At the same time, a yawning talent gap developed. While several quarterbacks who entered the league before 2006 were still thriving into the late 2010s and even winning championships, the younger cohort was mostly bereft. Chase Stuart of Football Perspective ran the numbers in 2020, going so far as to dub the group of QBs who turned pro from 2006-15 "the missing generation." It was a period that featured a staggering number of first-round busts, and the best quarterback of that draft era - the Seattle Seahawks' Russell Wilson - had slipped all the way to the third round.
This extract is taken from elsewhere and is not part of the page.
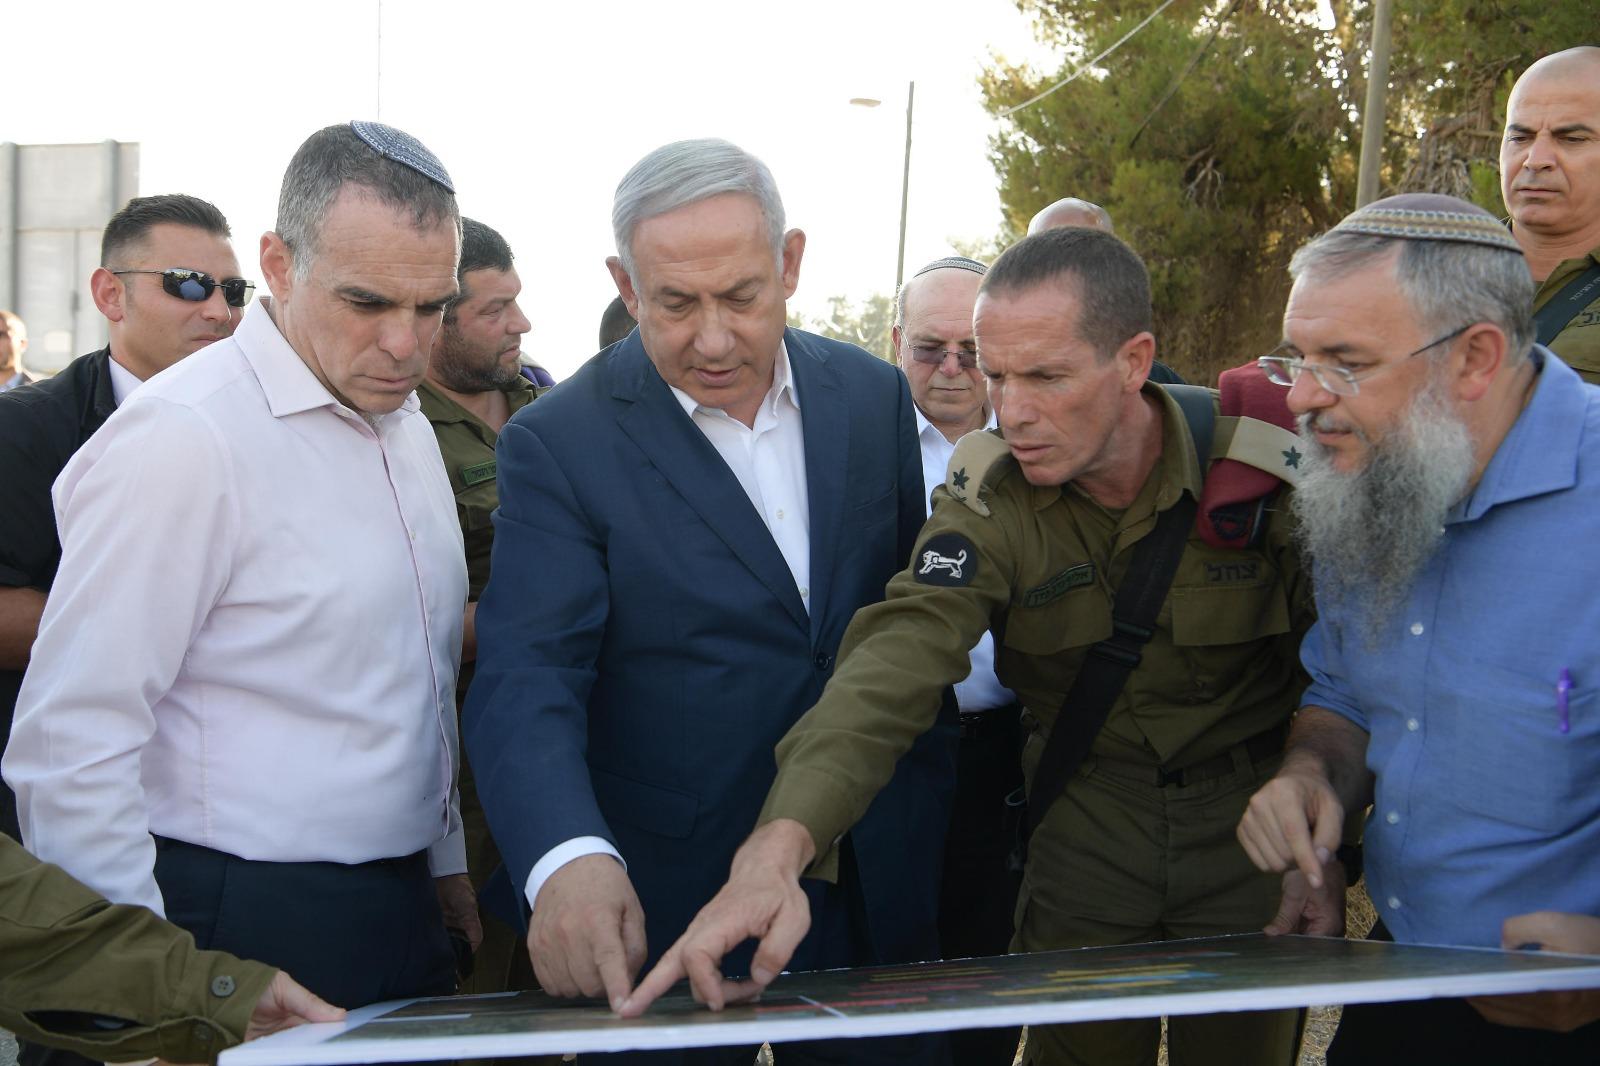 PM Netanyahu with Efrat Mayor Oded Ravivi and Gush Etzion Mayor Shlomo Neeman Photo credit Amos Ben-Gershom GPO

Fast forward to 2021. Remarkably, oldsters like Drew Brees, Philip Rivers, and Ben Roethlisberger all led their teams to the playoffs once again, though Rivers just retired while Brees and Roethlisberger have noticeably declined. Tom Brady of the Tampa Bay Buccaneers (drafted in 2000) and Aaron Rodgers of the Green Bay Packers (2005) are still here, though, and they're set to meet Sunday in the NFC Championship Game.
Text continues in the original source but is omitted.